To determine the equation of the straight line in the given graph, we need to identify two key elements:

1. The slope (m): This can be calculated by identifying two distinct points on the line and using the formula: $m = \frac{{y_2 - y_1}}{{x_2 - x_1}}$ where $(x_1, y_1)$ and $(x_2, y_2)$ are the coordinates of two points on the line.

2. The y-intercept (c): This is the point where the line crosses the y-axis. It's the value of $y$ when $x = 0$.

Let's examine the graph carefully to find these details and write the equation in the form $y = mx + c$.

I'll inspect the image and calculate the equation. PIL import Image

Load the image

img_path = '/mnt/data/1740952059742usnww19r.jpg' img = Image.open(img_path)

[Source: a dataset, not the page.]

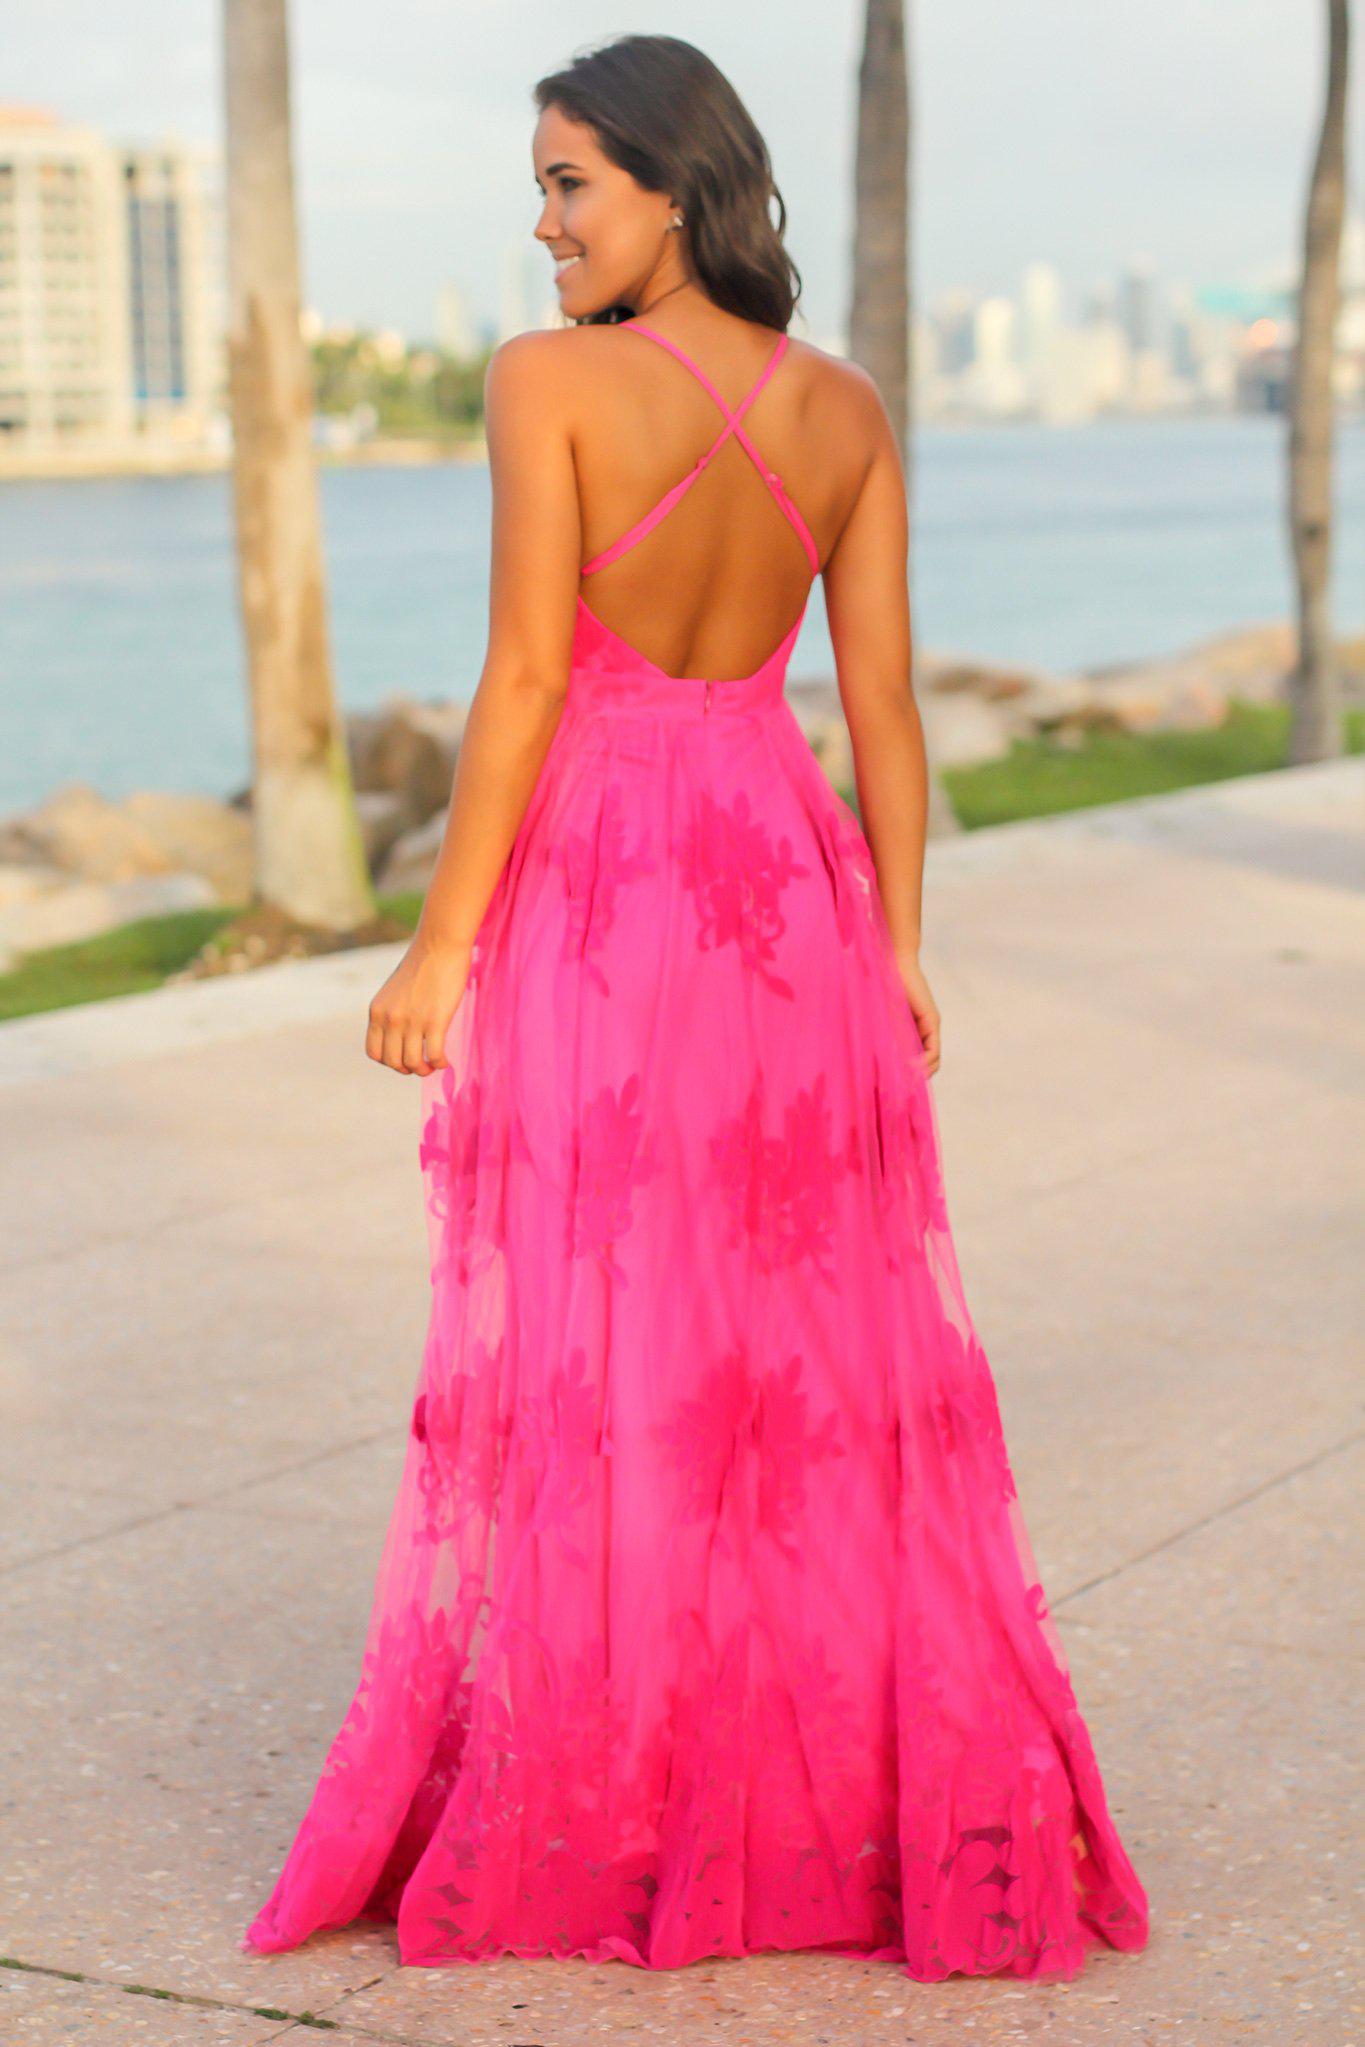 Pink Floral Tulle Maxi Dress with Criss Cross Back

Display the image to examine the graph

img.show()I have displayed the image for you to inspect the graph. Now, let me calculate the slope and the y-intercept to determine the equation of the line.

From the graph, I will identify two points to calculate the slope and then find the y-intercept. I'll summarize the results in a moment.Upon inspecting the graph, I identified two points on the line:

• Point 1: $(-3, 3)$
• Point 2: $(2, -2)$

Now, let's calculate the slope $m$ using the formula: $m = \frac{y_2 - y_1}{x_2 - x_1}$ Substituting the values from the points:

$m = \frac{-2 - 3}{2 - (-3)} = \frac{-5}{5} = -1$

Next, we find the y-intercept $c$. Using the slope-intercept form $y = mx + c$, we can substitute one of the points (say, $(-3, 3)$) to find $c$: $3 = (-1)(-3) + c \quad \Rightarrow \quad 3 = 3 + c \quad \Rightarrow \quad c = 0$

Thus, the equation of the line is: $y = -x$

Would you like further details on the calculation process or have any other questions? Here are some related questions you may find helpful:

1. How do you find the slope of a line if only one point is given?
2. What happens to the equation if the line is horizontal or vertical?
3. How can you use the slope to predict the value of $y$ for a given $x$?
4. What is the significance of the y-intercept in real-world applications?
5. How can you graph a line given its equation in slope-intercept form?

Tip: Always ensure that you select clear points on the graph when calculating the slope, as small errors in choosing points can lead to inaccurate results.